Я до сих пор помню, как он смотрел на меня в тот момент. Может быть, он вспоминал, как раньше мы в шутку называли друг друга братом и сестрой? Как бы то ни было, в одном я была уверена наверняка: Касё сохранит нашу тайну. Глядя на ночное небо, он с таким восхищением рассказывал о своем старшем брате. Вряд ли он сделает что-то, что может ранить Гамона.
С того дня мы с Касё ни разу не разговаривали с глазу на глаз. Вплоть до того момента, как нас свело дело Канны.
Двадцать восьмого декабря, в последний рабочий день года, закончив все дела в клинике, я поняла, что у меня поднялась температура. Наверное, сказалась накопившаяся за последнее время усталость. На следующий день я проснулась только после обеда, вся потная и с больным горлом. Войдя в гостиную, я увидела, что за столом сидит Гамон. Он поднял голову от компьютера, поздоровался и спросил:
– Как ты?
– Температура не снижается, но чувствую себя чуть получше. Где Масатика?
– Пошел к другу в гости. Садись, я приготовлю что-нибудь поесть.
Я послушно села и стала ждать. Гамон встал из-за стола, достал из холодильника лапшу удон и куриное мясо и поставил на стол небольшую глиняную кастрюльку донабэ. Вскоре обед был готов. Когда Гамон поднял крышку, из-под нее повалил пар: он сделал лапшу удон, протушив ее с мясом и овощами, и в последний момент разбил внутрь сырое куриное яйцо.
– Спасибо большое, – прохрипела я, взяв в руки палочки для еды.
От сладковатого бульона у меня разыгрался аппетит, и я съела почти половину кастрюли.
– Кстати, – обратилась я к Гамону, который в этот момент пил кофе, – помнишь мою коллегу, Рису? Ты видел ее как-то раз, когда приходил ко мне на работу.

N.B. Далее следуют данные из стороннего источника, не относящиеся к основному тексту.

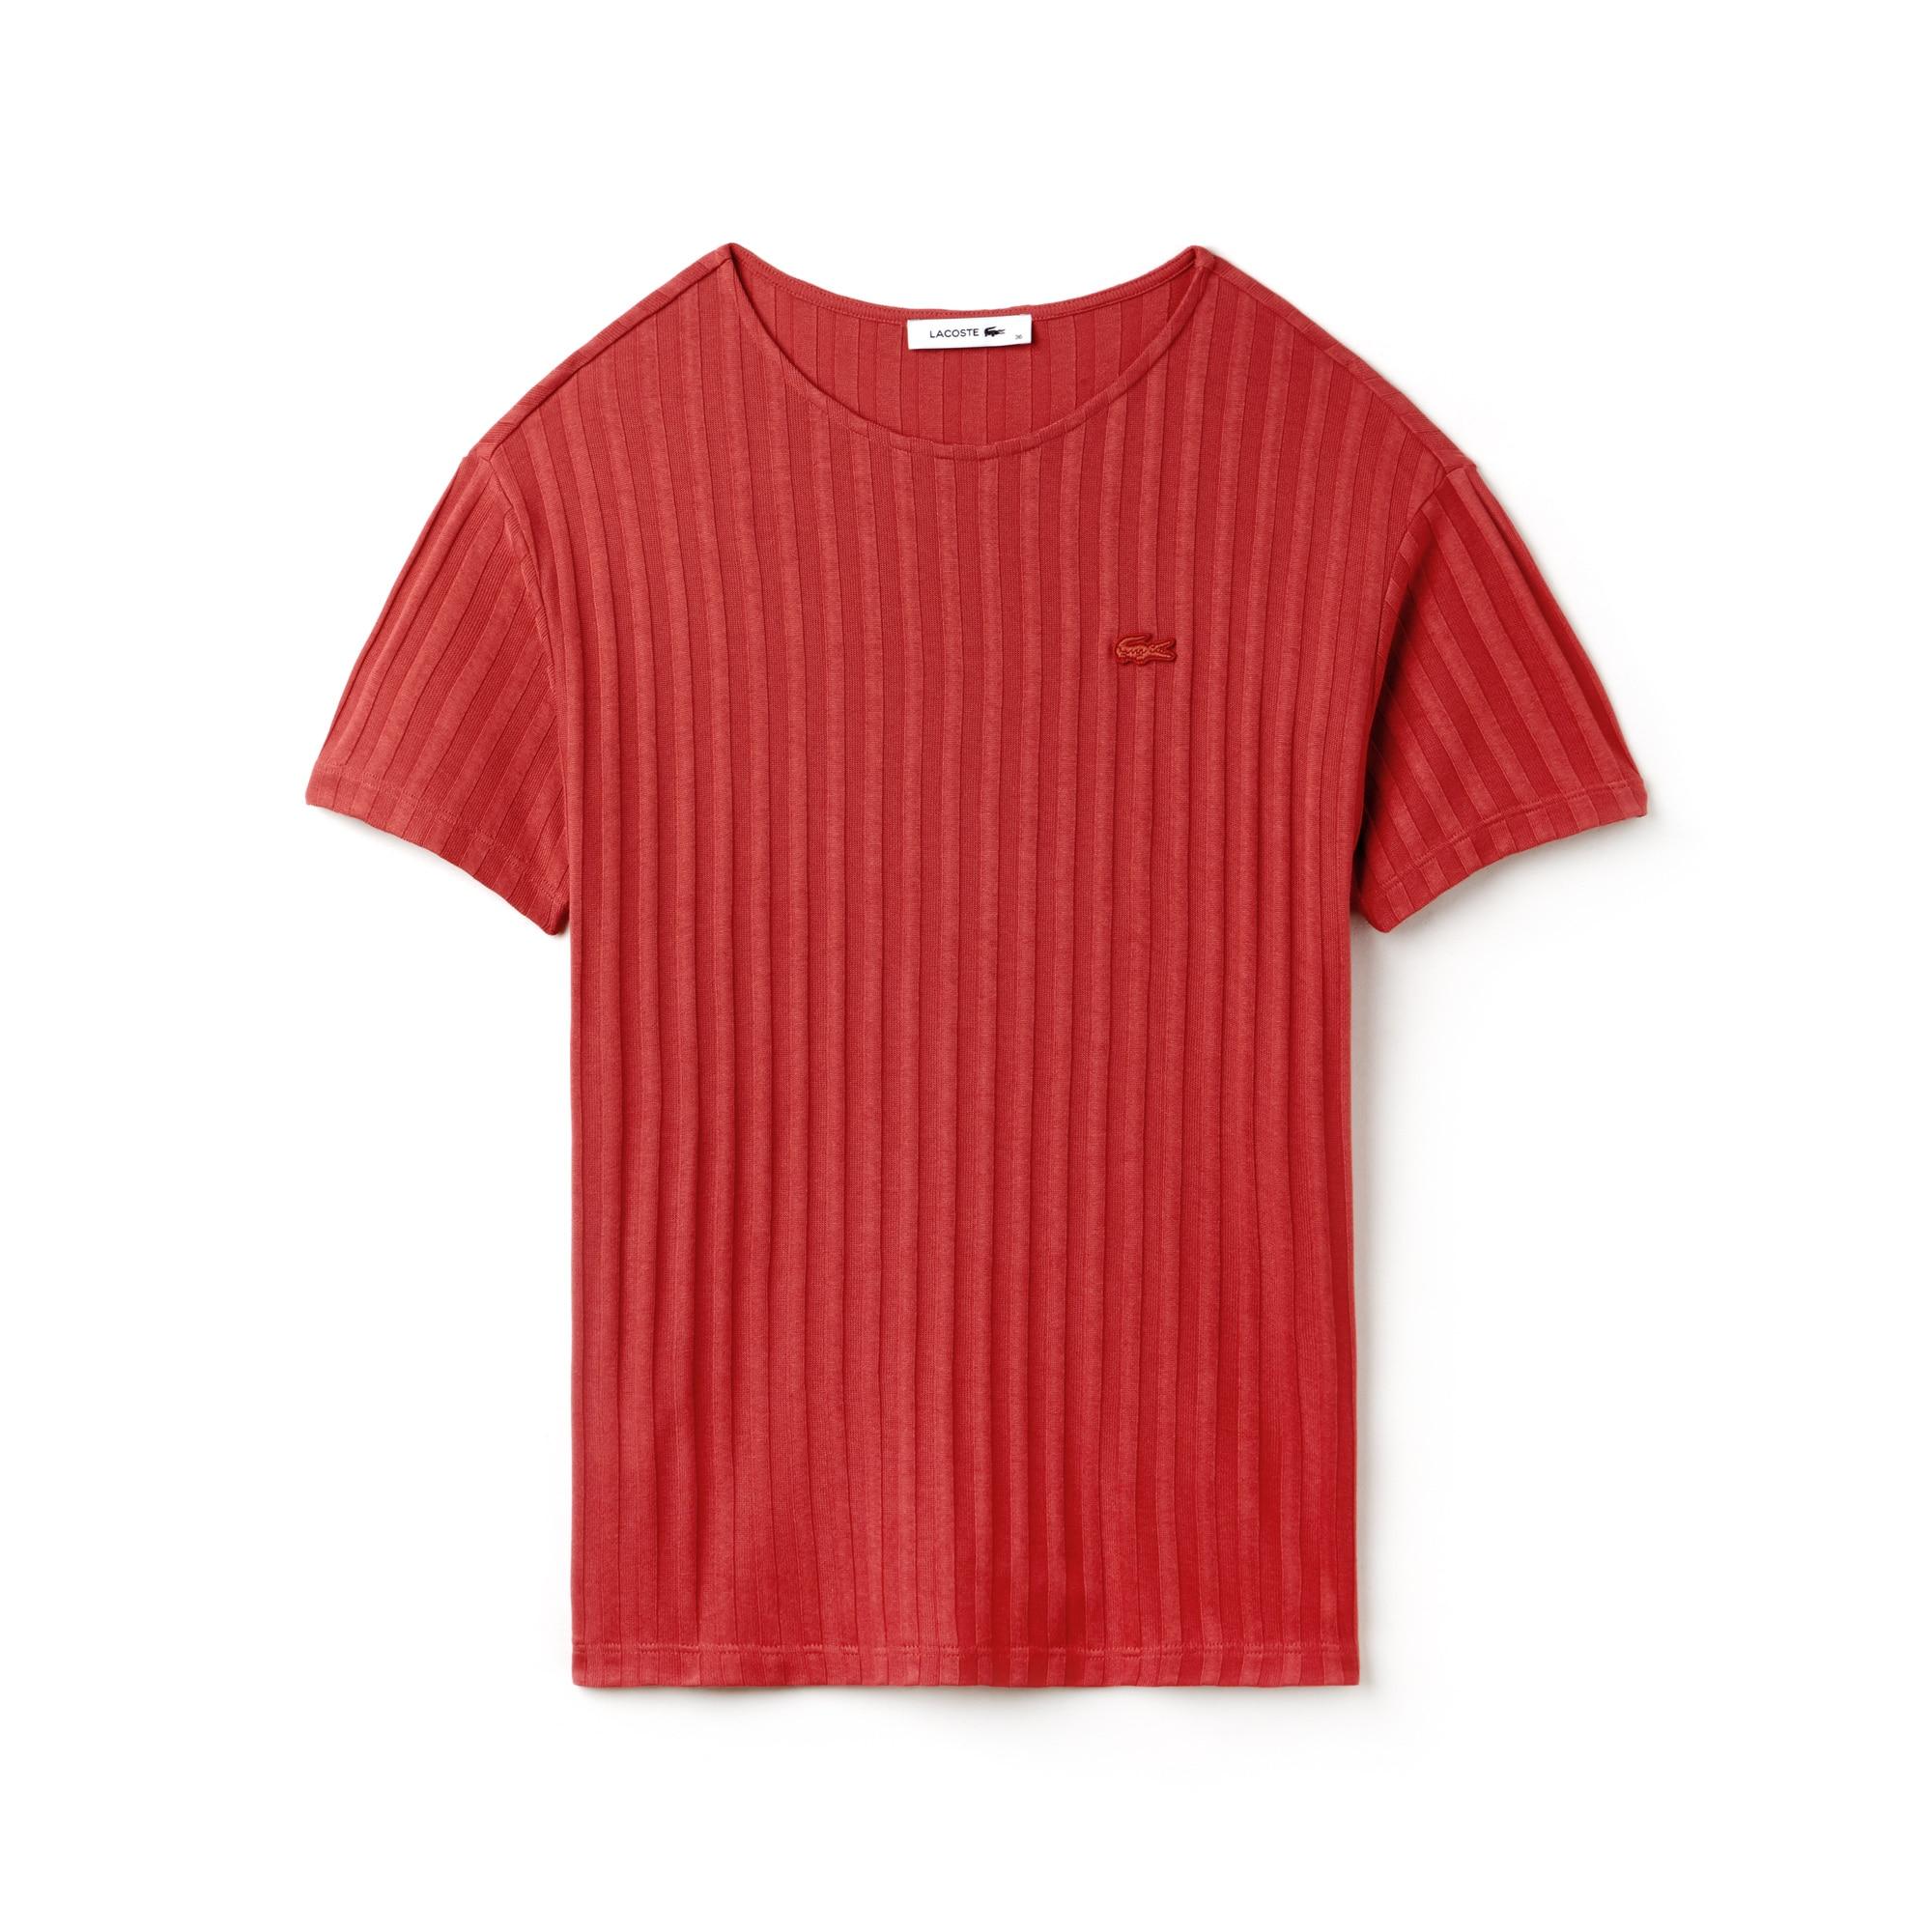 Women's Wide Neck Rayon T-shirt

– Да. Такая энергичная девушка, верно?
– Верно, это она. Так вот, Риса выходит замуж. Она хотела узнать, сможешь ли ты поснимать у нее на свадьбе? Услуги штатного фотографа банкетного зала выходят очень дорого, да и работы у него так себе. Свадьбу планируют сыграть в мае… Ну как, получится?
– Да, хорошо. Май у меня пока свободен, могу в любой день, – ответил он, глядя на меня поверх своих очков в черной оправе.
Взгляд Гамона светился добротой. Он уже собирался сделать глоток кофе, как вдруг его рука замерла.
– В чем дело? – мягко спросил он.
– Просто подумала, к маю ведь уже все закончится…
– Ты про суд над Канной?
– Да, – кивнула я.
На столе стояла кастрюля с остатками удона. По полу гостиной расходились, будто рябь, солнечные лучи. Царившее вокруг умиротворение начало меня пугать: вдруг я не создана для спокойной жизни?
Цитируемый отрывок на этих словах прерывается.